[AVAILABLE DATA]

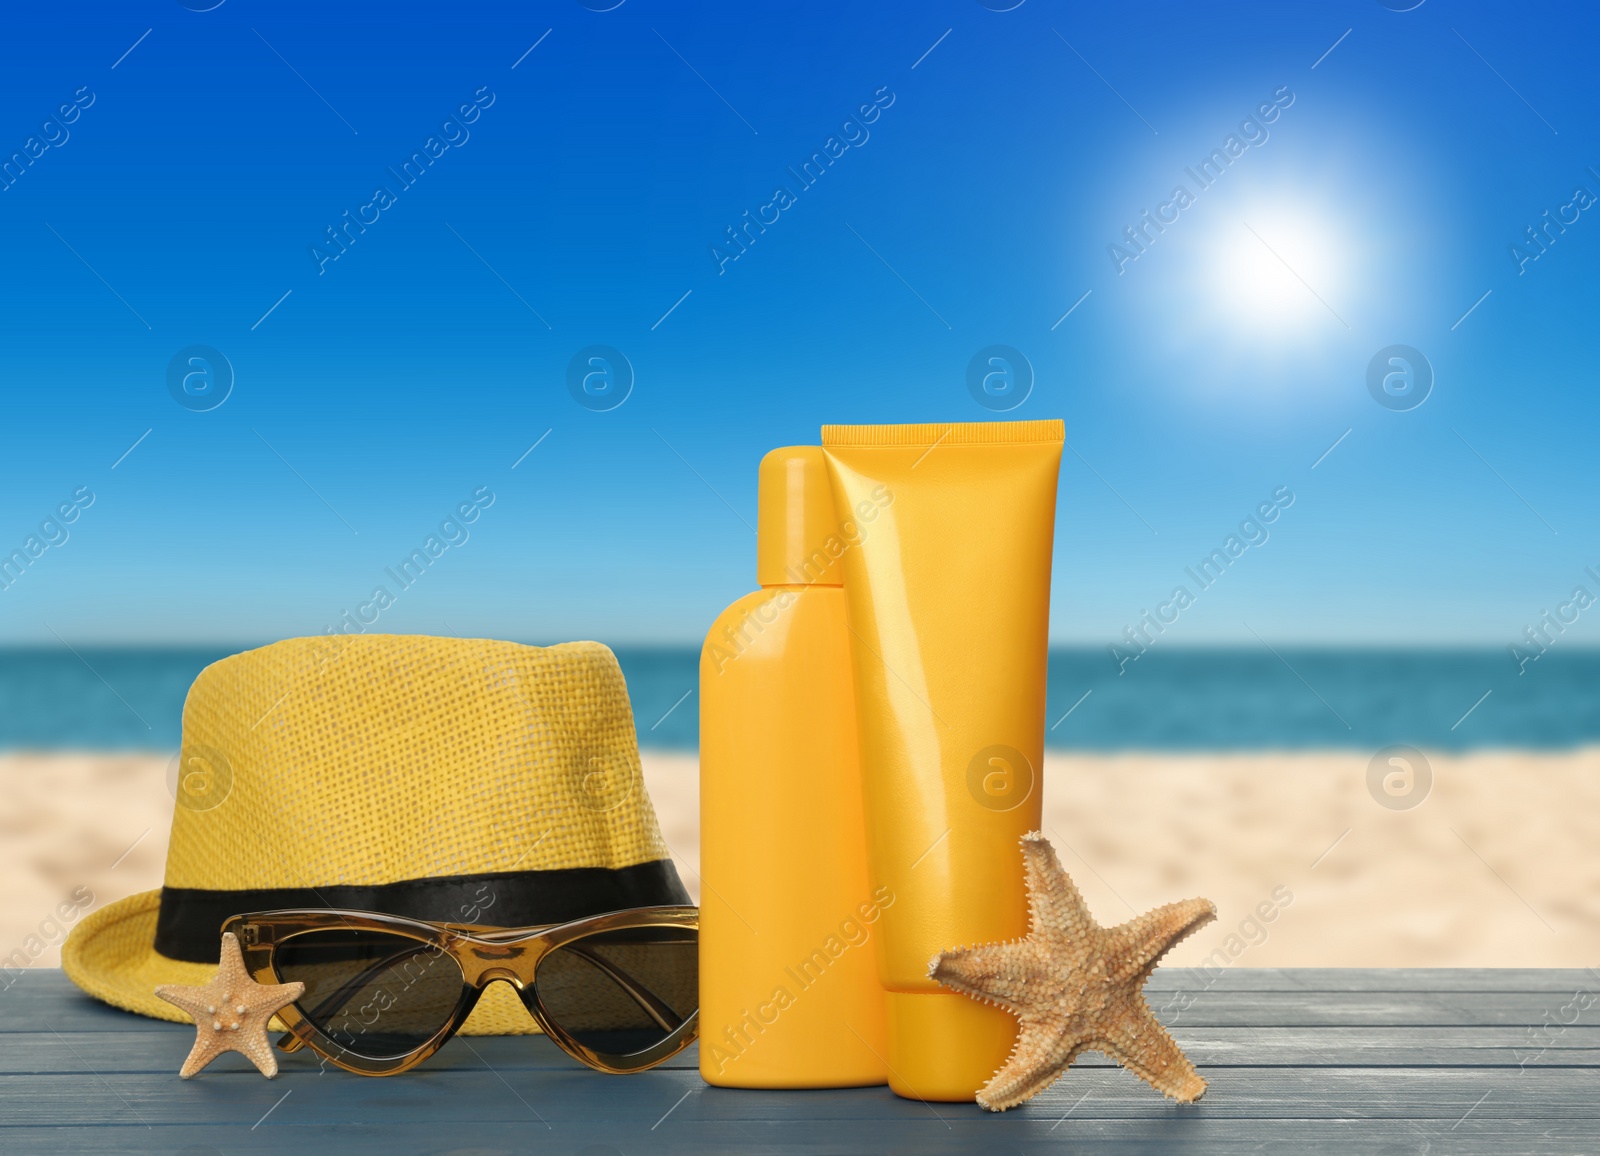 Image of Skin sun protection products and beach accessories on blue wooden table against seascape. Space for design
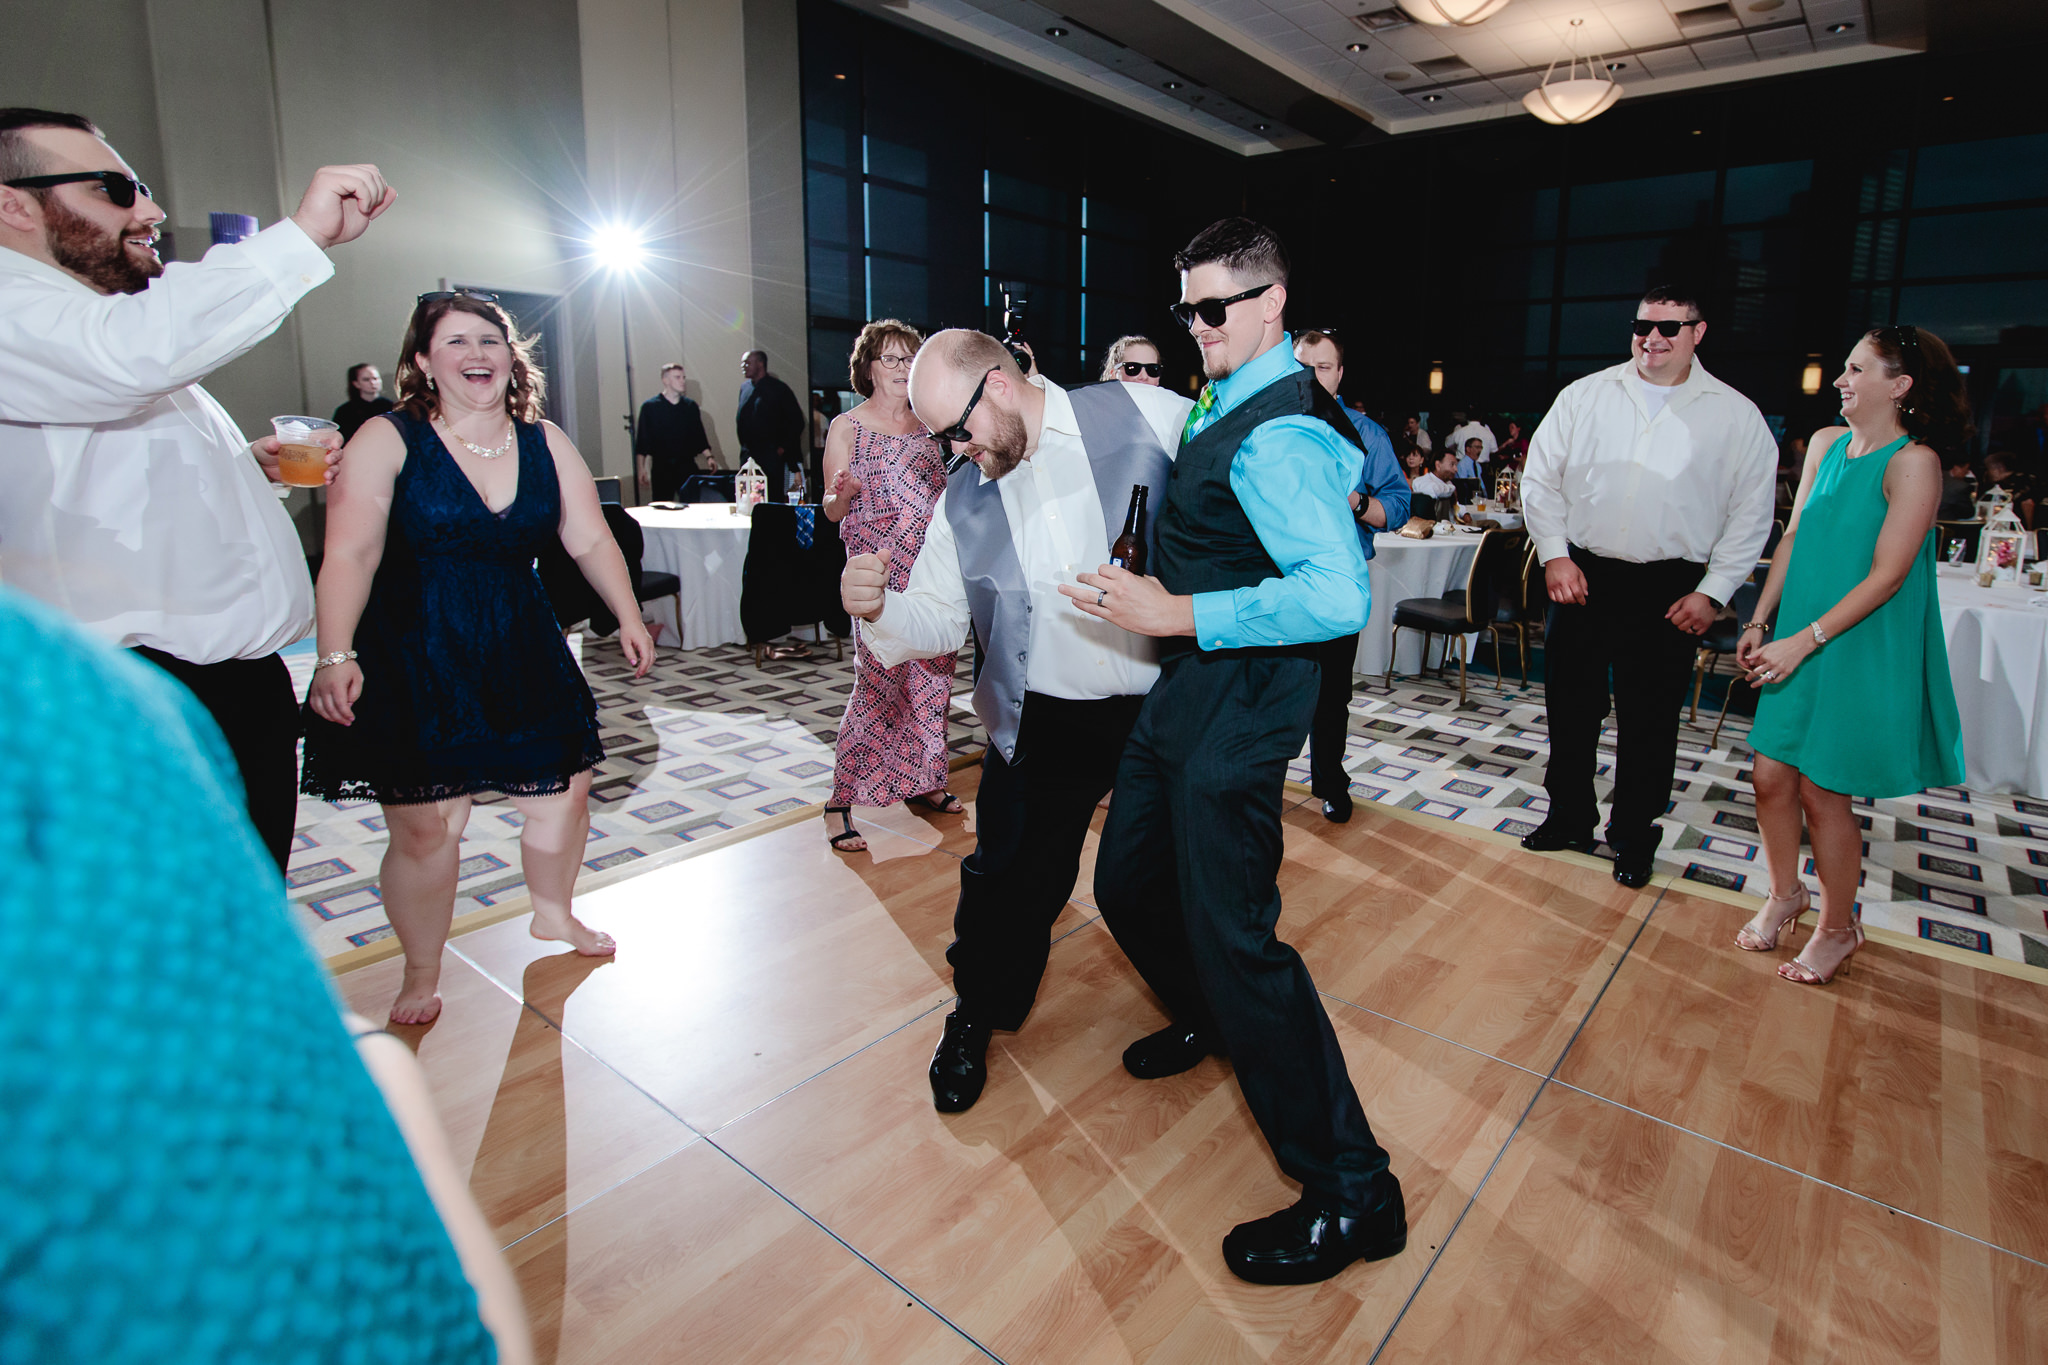 Groomsman dances with a guest at Duquesne University
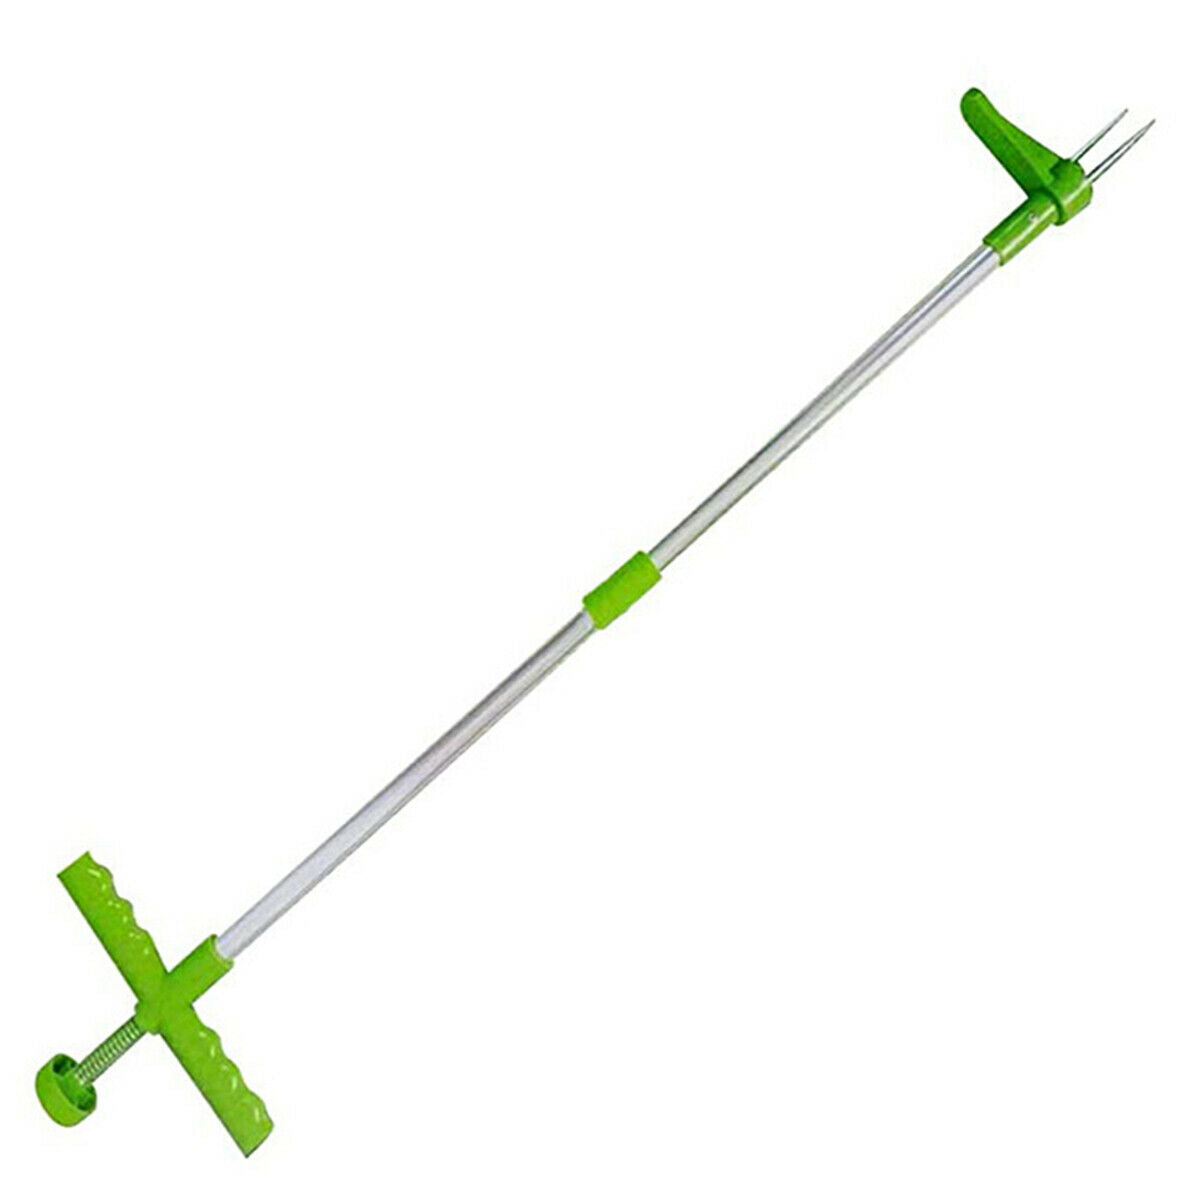 Stand-Up Weeder Twister Twist Garden Grass Lawn Remover Root Removal Tool Puller
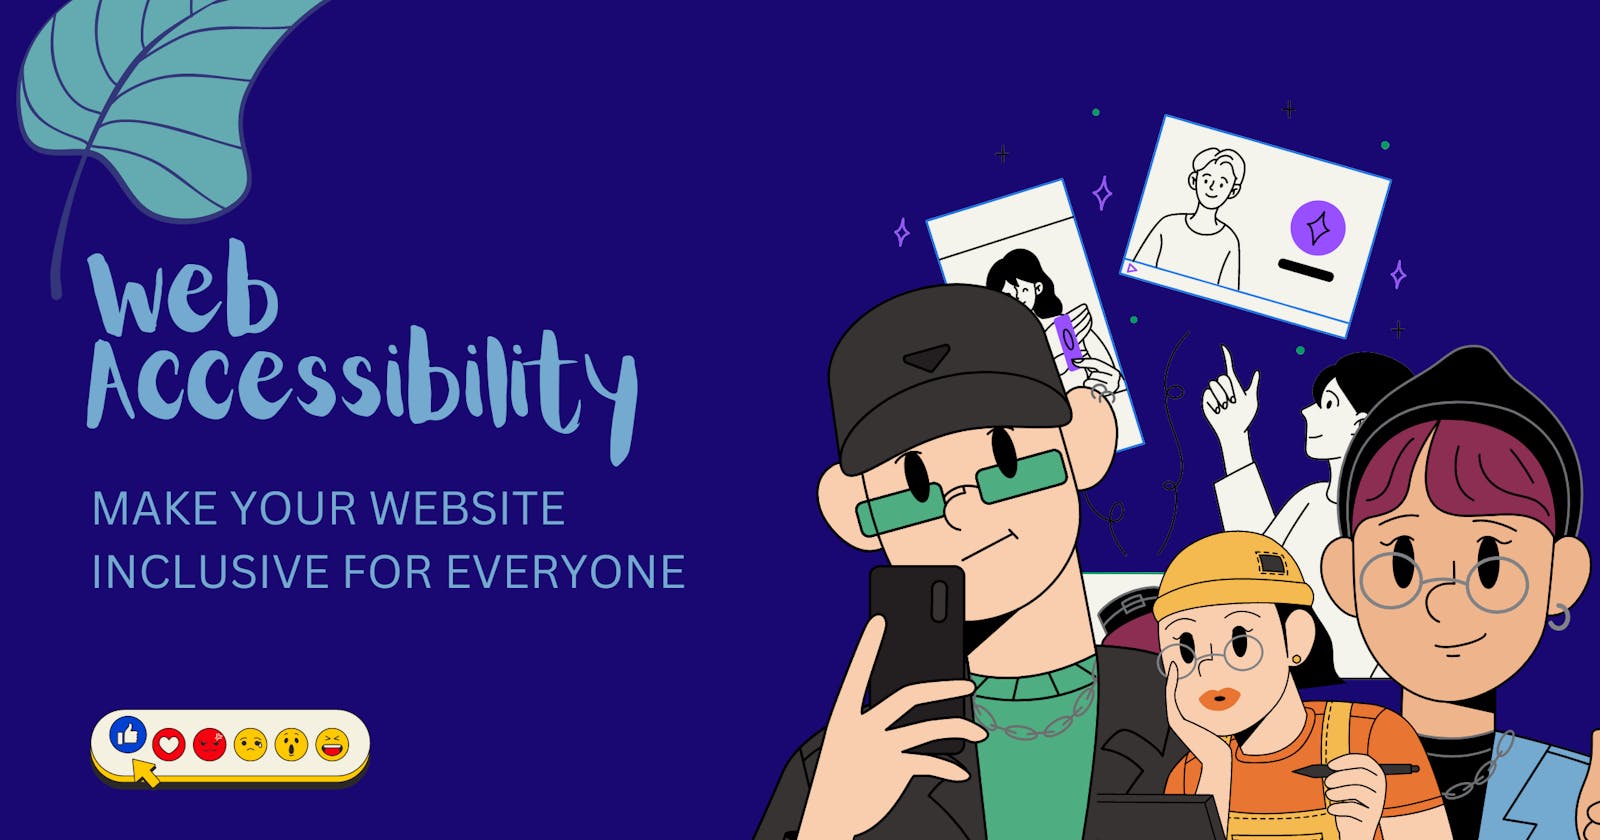 How to Make Your Website Inclusive for Everyone?

[/AVAILABLE DATA]

TASK BRIEF:
This task calls for the listing to be restated exactly, with images omitted.

SOLUTION BELOW:
 Image of Skin sun protection products and beach accessories on blue wooden table against seascape. Space for design
 Groomsman dances with a guest at Duquesne University
 Stand-Up Weeder Twister Twist Garden Grass Lawn Remover Root Removal Tool Puller
 How to Make Your Website Inclusive for Everyone?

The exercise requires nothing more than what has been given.